The Network of Networks: Andrea Siodmok’s Long View

Andrea Siodmok offered perhaps the most important strategic insight from either event. When political systems are in turmoil – she noted the UK has had six or seven prime ministers in seven years – who provides the long-term, intergenerational view?

“I think that is the role of the institution. I think it’s also the role of universities. Universities themselves are incredibly powerful, multi-billion dollar global networks. But they compete. They compete for league tables, they compete for money from governments, they compete for partnerships, they compete for prestige.”

Her call: “How do we collaborate? How do we collaborate within Melbourne, across our universities, across our regions, Pacific region, and across the world. So the network of networks, for me, is really about understanding there are many different ways to be regenerative. When we share that knowledge, when we move together, we sustain a practice over time.”

This echoes what Philippa described in the energy sector – the importance of not starting from scratch but building federated models that share infrastructure, knowledge, and resources. It’s what Renée emphasized about learning from Traditional Owner groups who’ve maintained knowledge systems across tens of thousands of years through different mechanisms than Western institutions.

The Question Both Events Left Open

Neither event suggested that measurement is bad or that institutions should abandon strategic thinking. The energy innovators all relied on sophisticated data systems – life cycle assessment, carbon accounting, material tracking. The Living University report includes clear pathways and actionable recommendations.

But both events revealed the same fundamental question: if regeneration is already happening in our cells, our communities, our ecosystems, and in the acts of care and reciprocity that people engage in daily, what institutional transformation would make that visible and valued rather than marginal and unmeasured?

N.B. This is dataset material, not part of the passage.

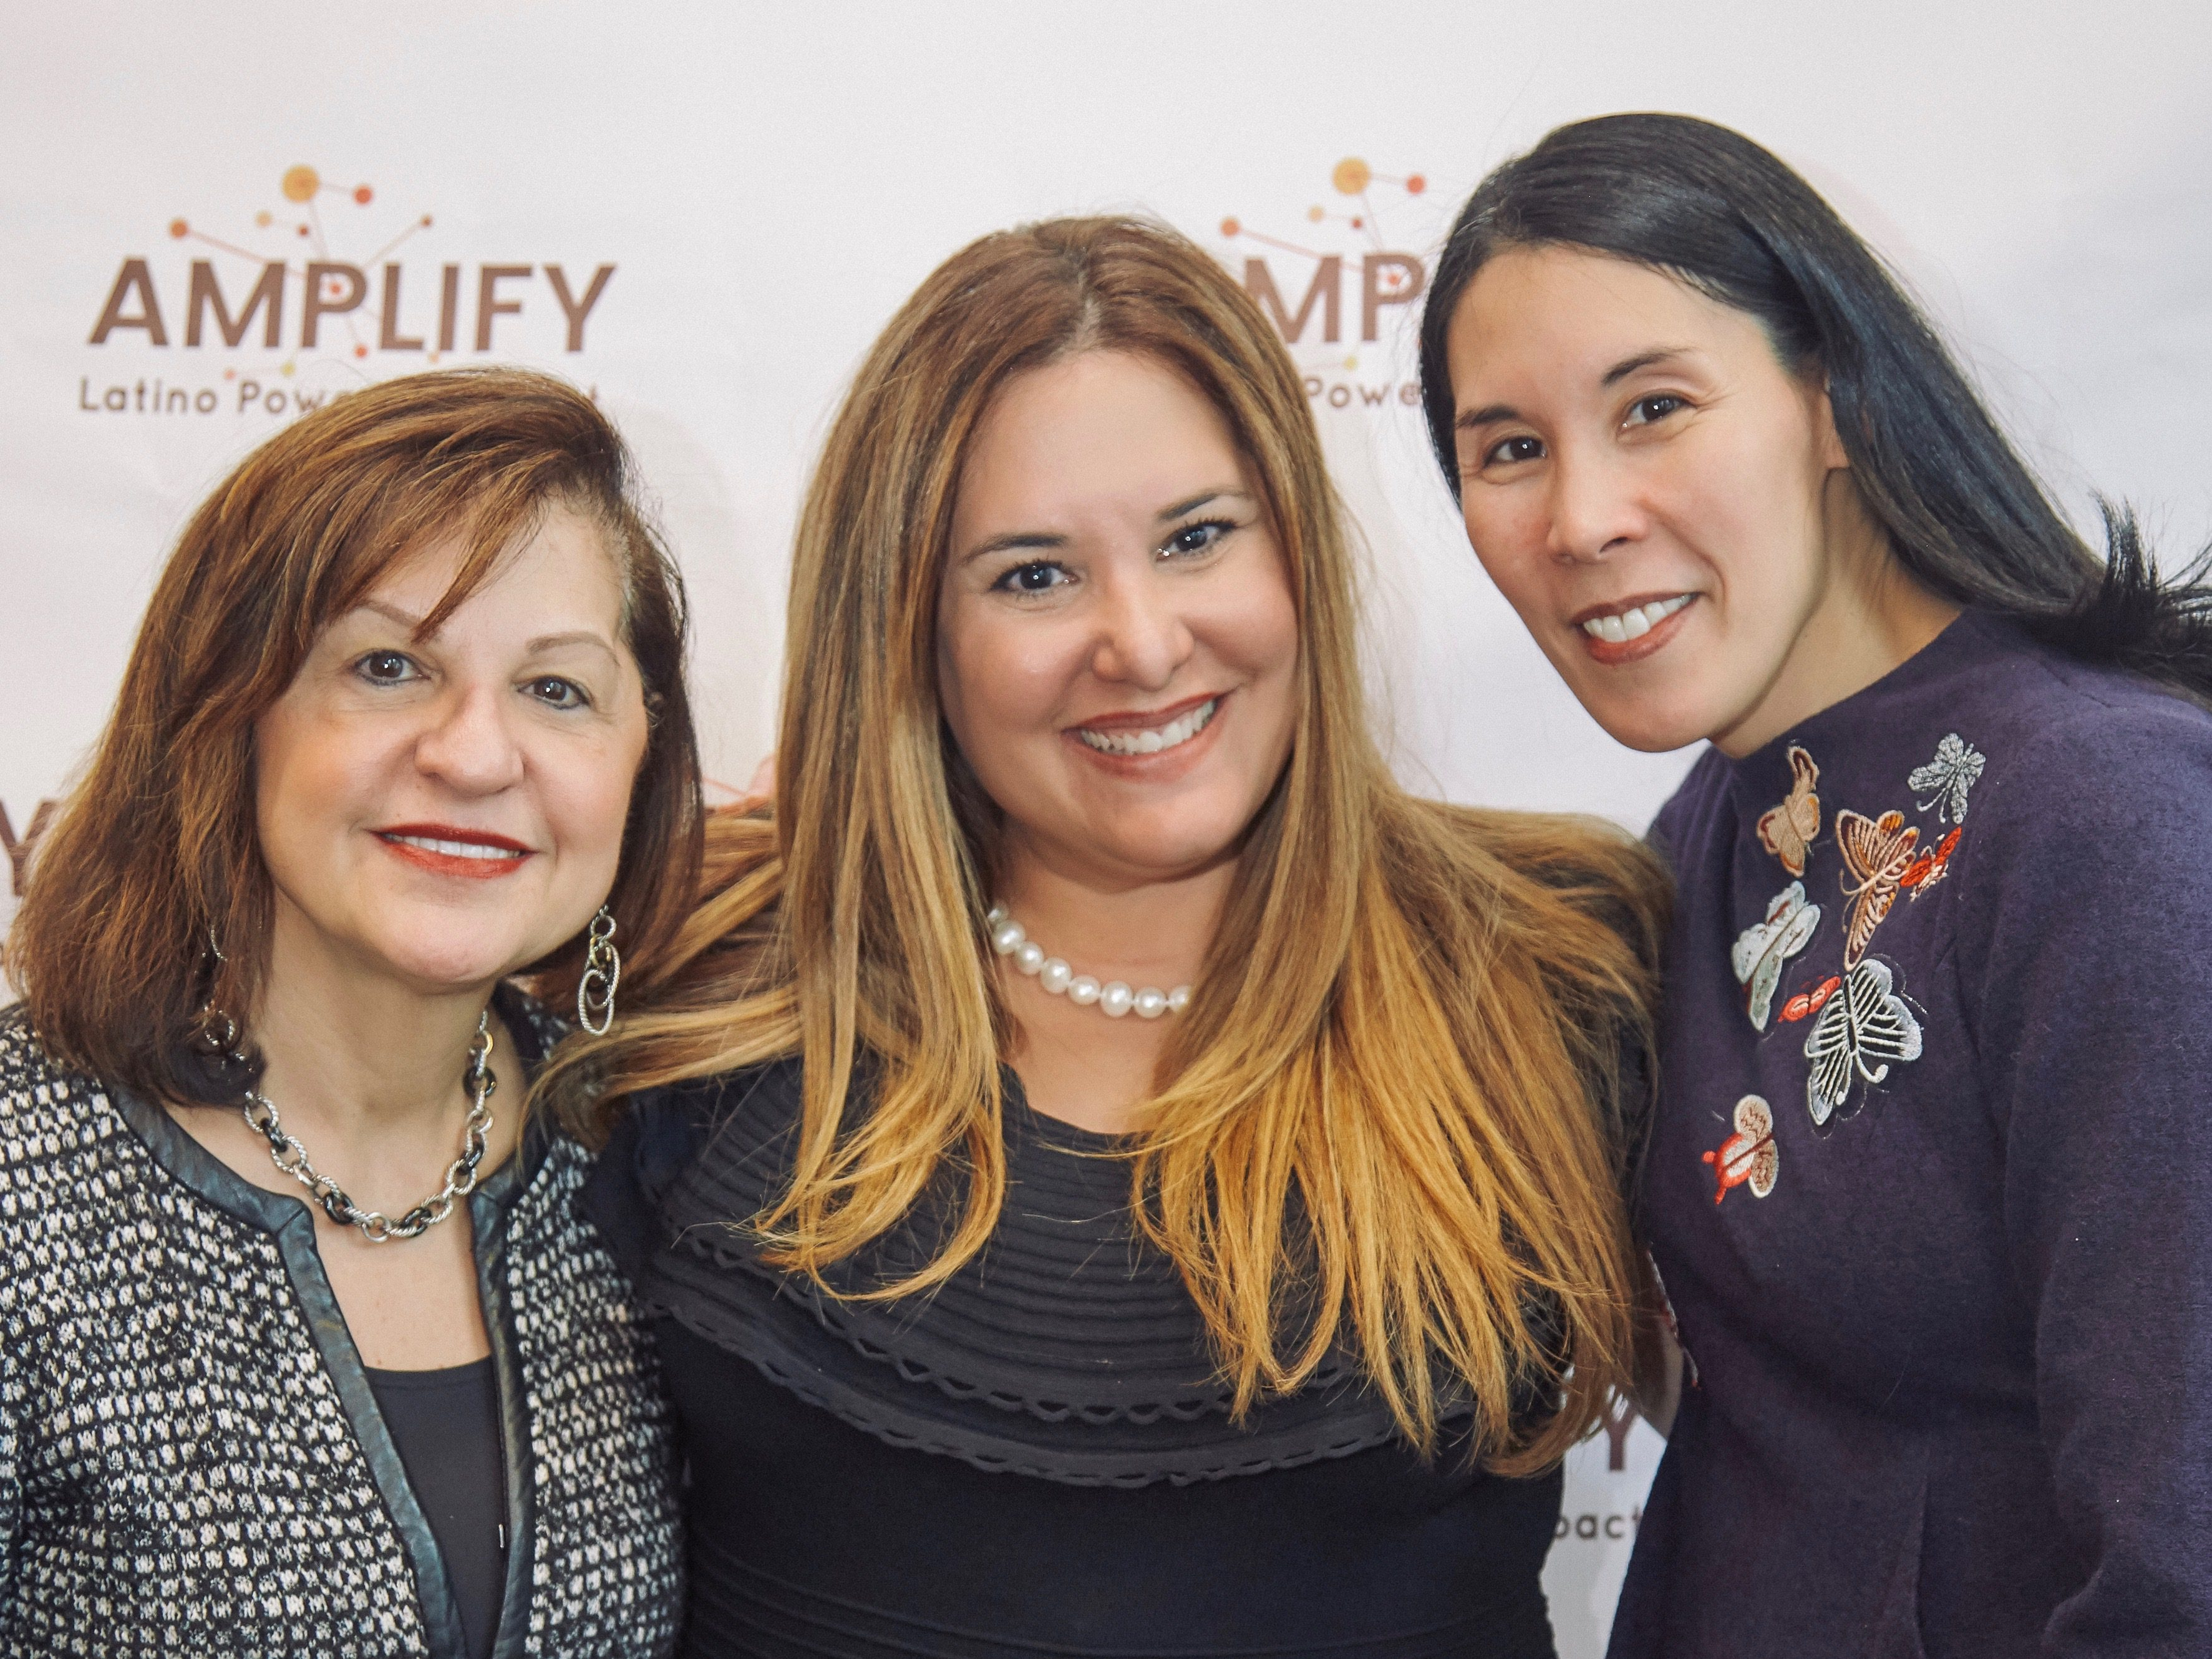 Amplify-Eneida Betty Carmen
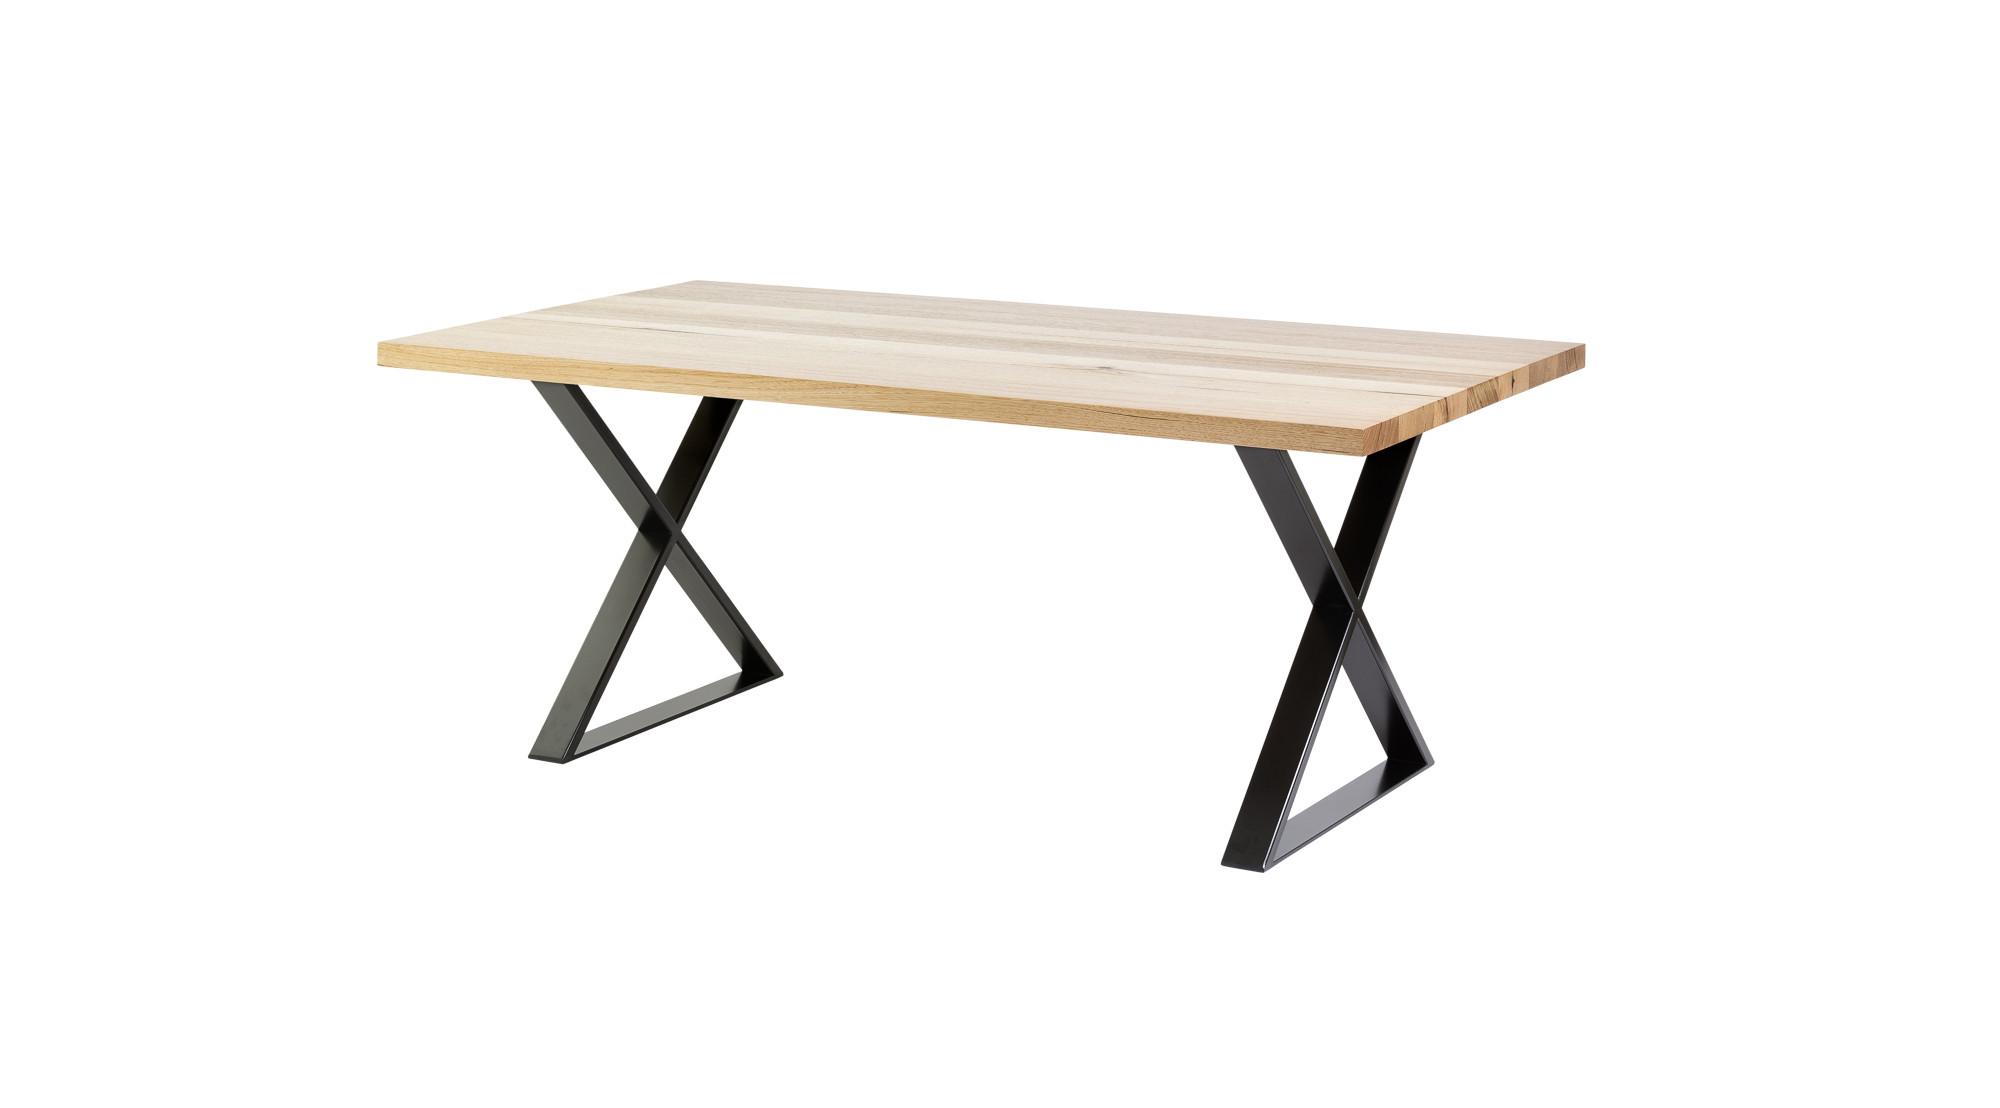 x steel table legs

Daniel’s answer: “We need to create circle way processes… where the focus is on listening and not so much on telling each other’s stories.” Gary’s answer: getting beyond the fear that prevents us from letting different knowledge systems stand alongside each other. Philippa’s answer: proving regenerative systems work through tactical pilots that generate the data conventional systems require. Renée’s answer: starting with your local Aboriginal Land Council and building partnerships grounded in reciprocity.

The convergence across both events wasn’t about having the answer but about recognizing that our current institutional frameworks – whether universities or energy systems – are calibrated as instruments to measure and perpetuate particular kinds of value while systematically excluding what might actually be regenerative.

Changing that doesn’t require introducing regeneration to these systems. It requires recognizing that regeneration is inherent to life, and our institutions are living systems whether we acknowledge it or not. The question is what we’re currently doing that prevents the regenerative capacities already present from being recognized, valued, and allowed to flourish.

Download the RSA / RMIT paper from here: https://www.thersa.org/reports/living-university/

What would your institution look like if it optimized for relational value rather than what’s easily measured? And who would you need to listen to differently to find out?